"""
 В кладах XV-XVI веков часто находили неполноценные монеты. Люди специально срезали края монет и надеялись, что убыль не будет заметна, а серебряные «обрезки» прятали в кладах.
"""
"""
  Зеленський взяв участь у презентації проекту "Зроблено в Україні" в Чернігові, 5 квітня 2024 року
"""
"""
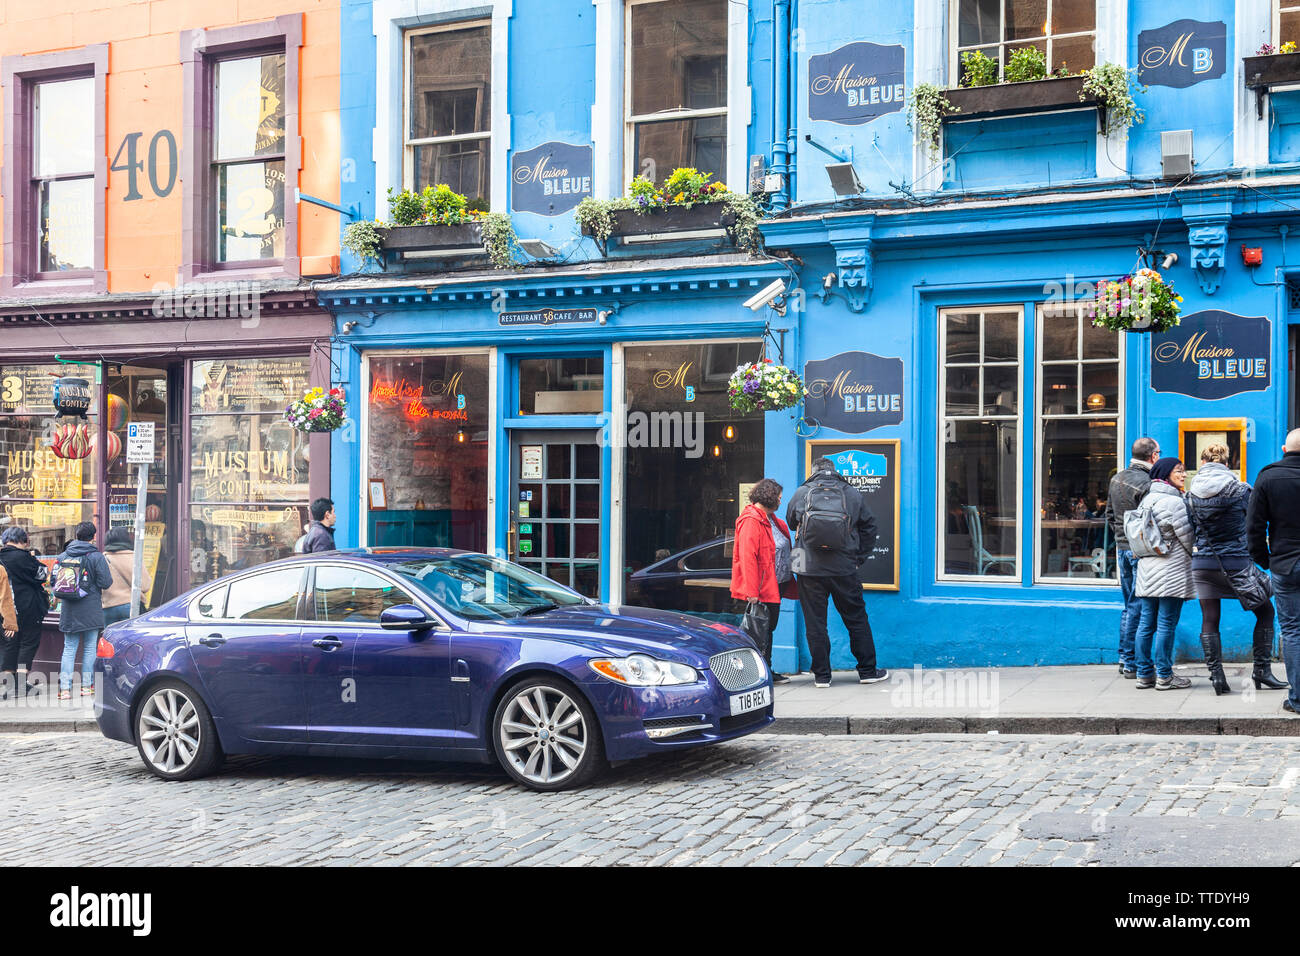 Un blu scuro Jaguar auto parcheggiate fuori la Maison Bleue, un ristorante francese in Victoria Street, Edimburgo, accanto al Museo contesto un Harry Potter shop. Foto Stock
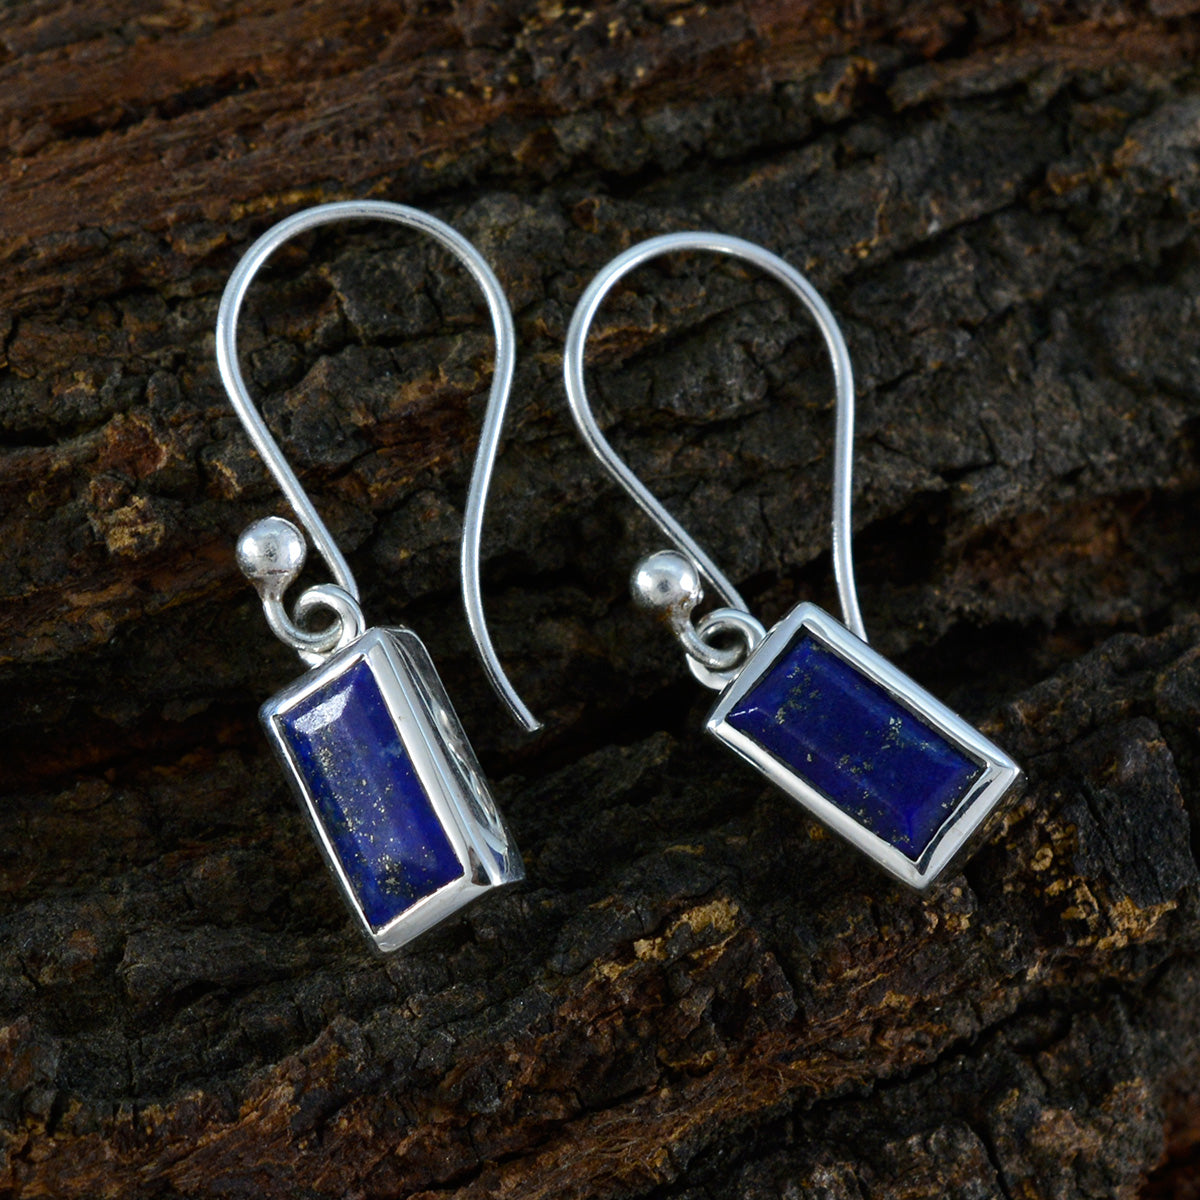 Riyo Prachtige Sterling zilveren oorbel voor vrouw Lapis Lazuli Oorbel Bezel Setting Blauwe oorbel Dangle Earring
"""
▶ **What this task involves**
From the listing above, please give again the lines that begin with the line holding "Un blu scuro" and go on through the line holding "Riyo Prachtige Sterling", exactly, both ends included, minus any picture.

▶ **Written solution**
 Un blu scuro Jaguar auto parcheggiate fuori la Maison Bleue, un ristorante francese in Victoria Street, Edimburgo, accanto al Museo contesto un Harry Potter shop. Foto Stock
 Riyo Prachtige Sterling zilveren oorbel voor vrouw Lapis Lazuli Oorbel Bezel Setting Blauwe oorbel Dangle Earring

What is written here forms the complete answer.